One of the disturbing trends in 2018 was the privatization of censorship, as a small group of huge tech companies began working together to silence objectionable individuals. They have interpreted term-of-service violations with such ludicrous degrees of political bias that they can censor conservatives for merely repeating what left-wingers are free to say. Concerted corporate efforts to deny them web space or shut down their income streams can threaten entire platforms. The left now blithely assumes big tech companies will take action to shut down conservative speech and assumes social media systems are broken when politically incorrect thoughts are trending.
Many on the right have difficulty mounting a passionate defense against these techniques because they cleave to the principle that free-market companies should be allowed to set whatever terms of service they see fit, or refuse to do business with whoever they please – principles that do not hinder censorious left-wingers for a microsecond when they target corporations with pressure campaigns. The prospect of federal regulatory remedies for speech-controlling corporate cabals strikes free marketeers as a cure that might be worse than the disease.

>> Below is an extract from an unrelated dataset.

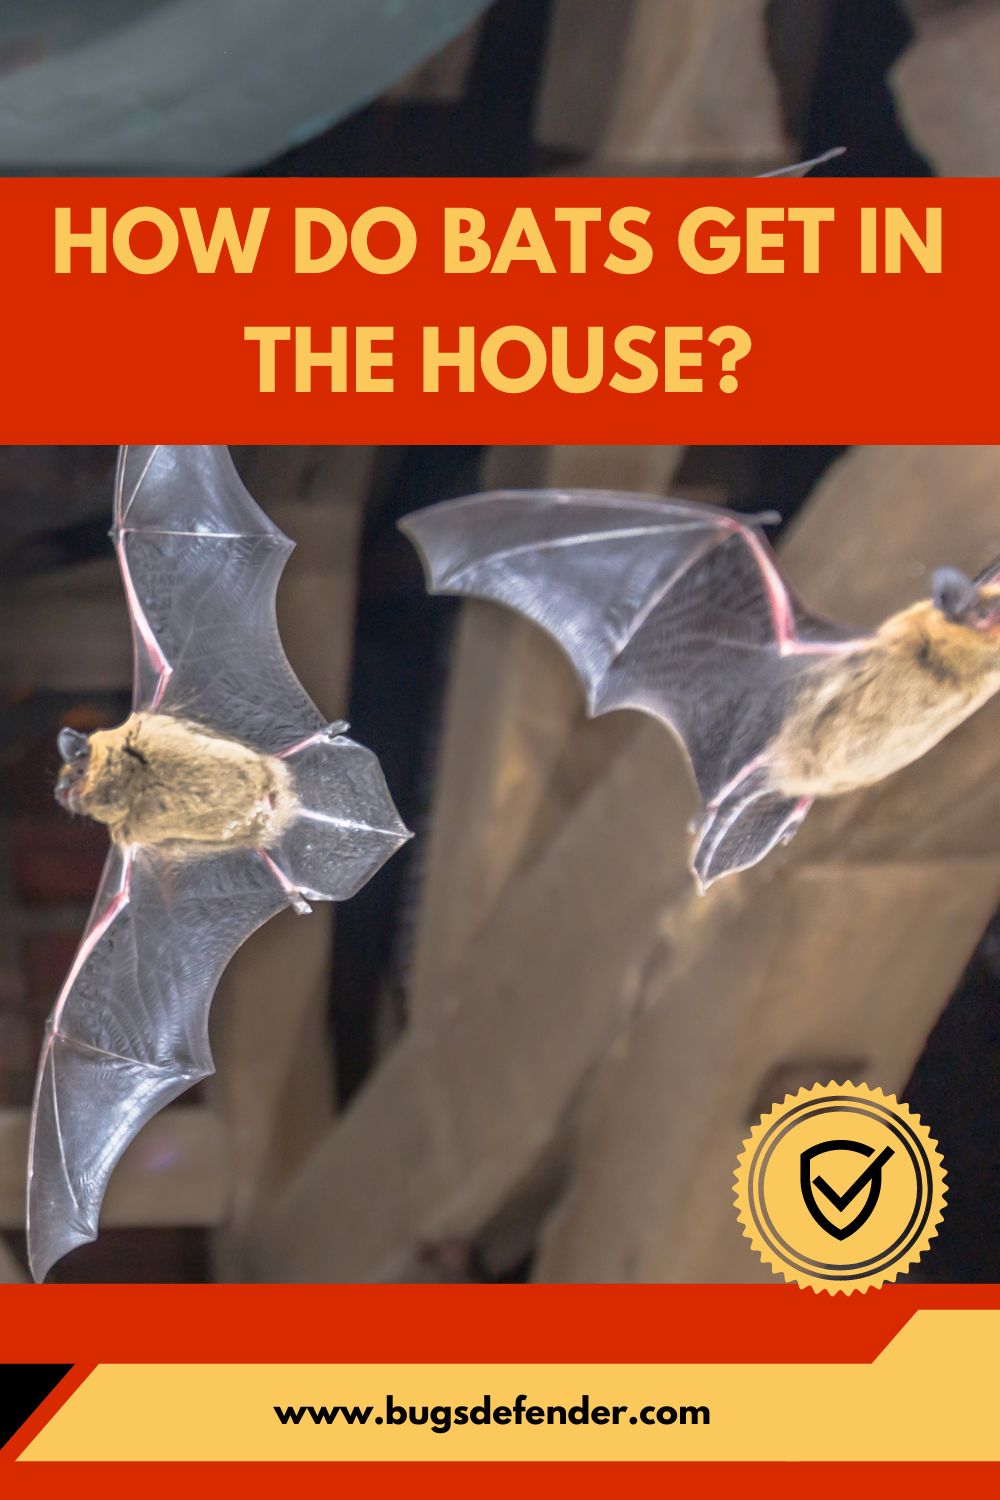 How Do Bats Get in the House? pin2

Another aspect of corporate speech control is the fetishization of guild media privileges as the essence of free speech. Press freedom is a subset of free expression, not the other way around. Press freedom tends to be easier to quantify with think-tank studies and, naturally, media people are eager to denounce offenses against their own speech rights, but a society in which only credentialed members of the press enjoy untrammeled free speech is not a free society.
It is a grave mistake to conflate freedom of speech with freedom of the press. They are both important, but they are not the same thing. Large media organizations have proven themselves quite comfortable with suppressing speech they dislike. Those who worry about the undue political influence of giant corporations should resist making an exception for giant media corporations. They profit from free expression, and like any other resource, speech grows more valuable as it becomes more scarce.

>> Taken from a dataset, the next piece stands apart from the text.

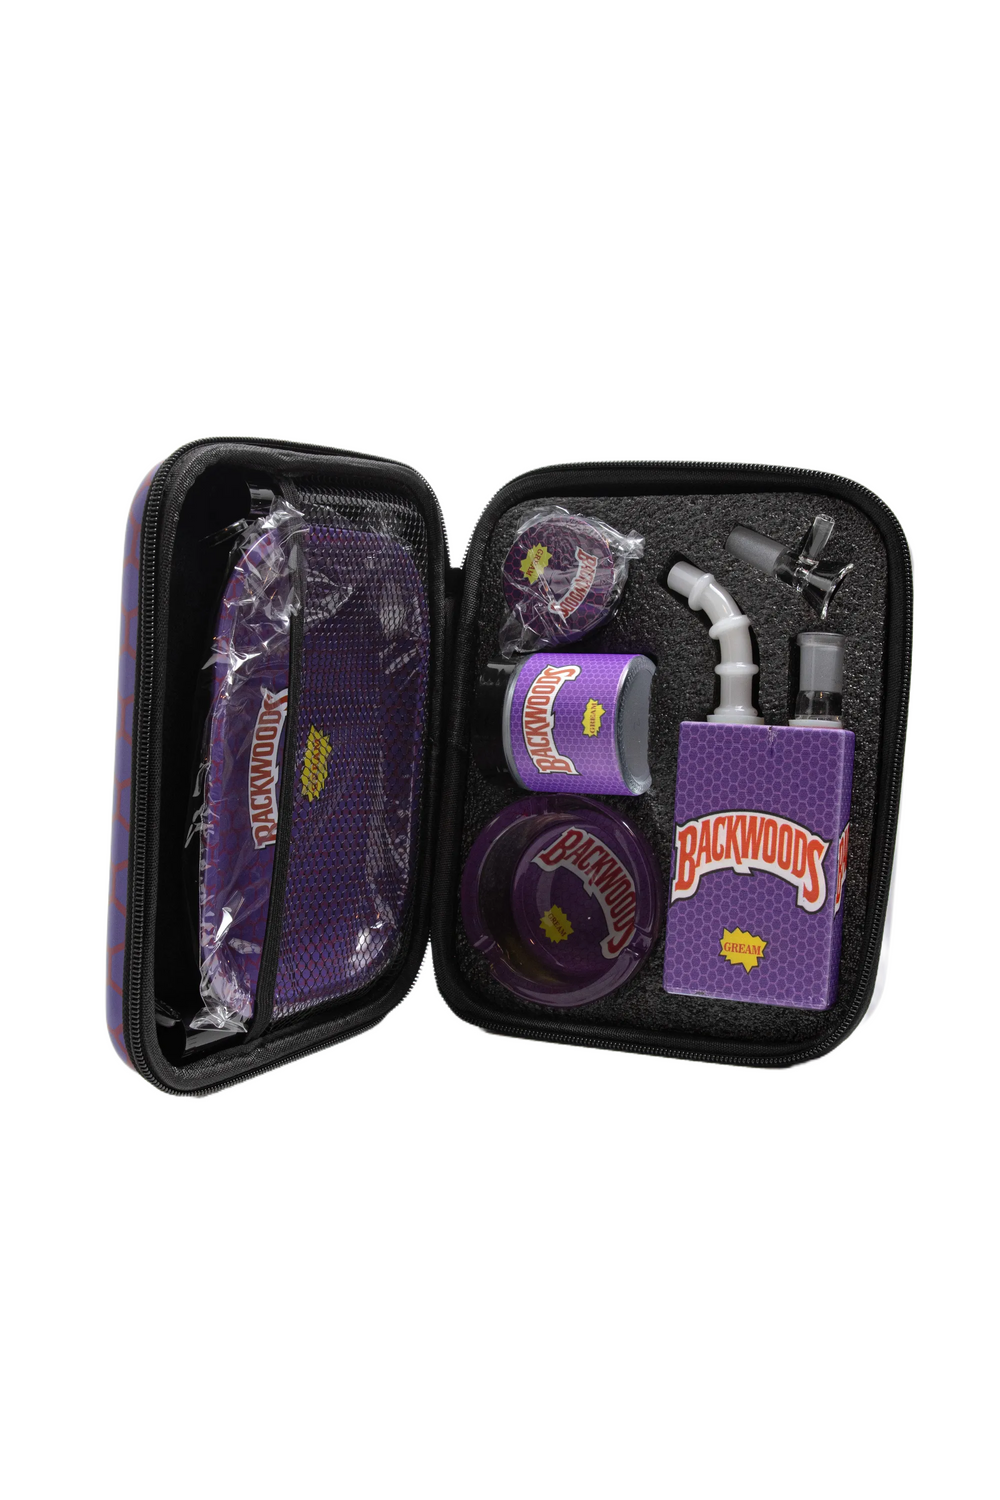 Backwoods Travel COMBO KIT with accessories

No discussion of the precarious state of free speech is complete without mentioning Islam and its strict speech codes, which are beginning to find purchase in Western societies. Europe saw the imposition of its first sharia speech law in October with the European Court of Human Rights prosecution of an Austrian woman for blasphemy against Mohammed.
These codes are theoretically justified as bans against insulting the sensibilities of any religion, which would be bad enough from a free-speech standpoint but, in practice, only one religion is likely to enjoy vigorous protection. Islam is serious about its blasphemy codes and ready to use everything from lawsuits and grievance politics to the Heckler’s Veto to enforce them.
In a decaying free speech environment where using “him” and “her” to refer to biological males and females is suddenly controversial, the censorship demands of an activist Muslim minority will count for more than the relaxed attitudes of moderates who merely frown at blasphemy.
Energy is the key factor now that free speech is highly negotiable, a social commodity rather than an inalienable right. The speech police are more energized and better organized than stalwart defenders of free speech. The list of dangerous ideas grows dangerously long. Instead of fighting for free expression, people want to get in the game with their own list of banned words, blacklisted speakers, and boycotted companies. Holding the other side to the “new rules” of political correctness seems like a more effective strategy than celebrating the principle of free speech while our adversaries roll over us with bulldozers.
Be thankful for free speech, because you will probably have less of it next year.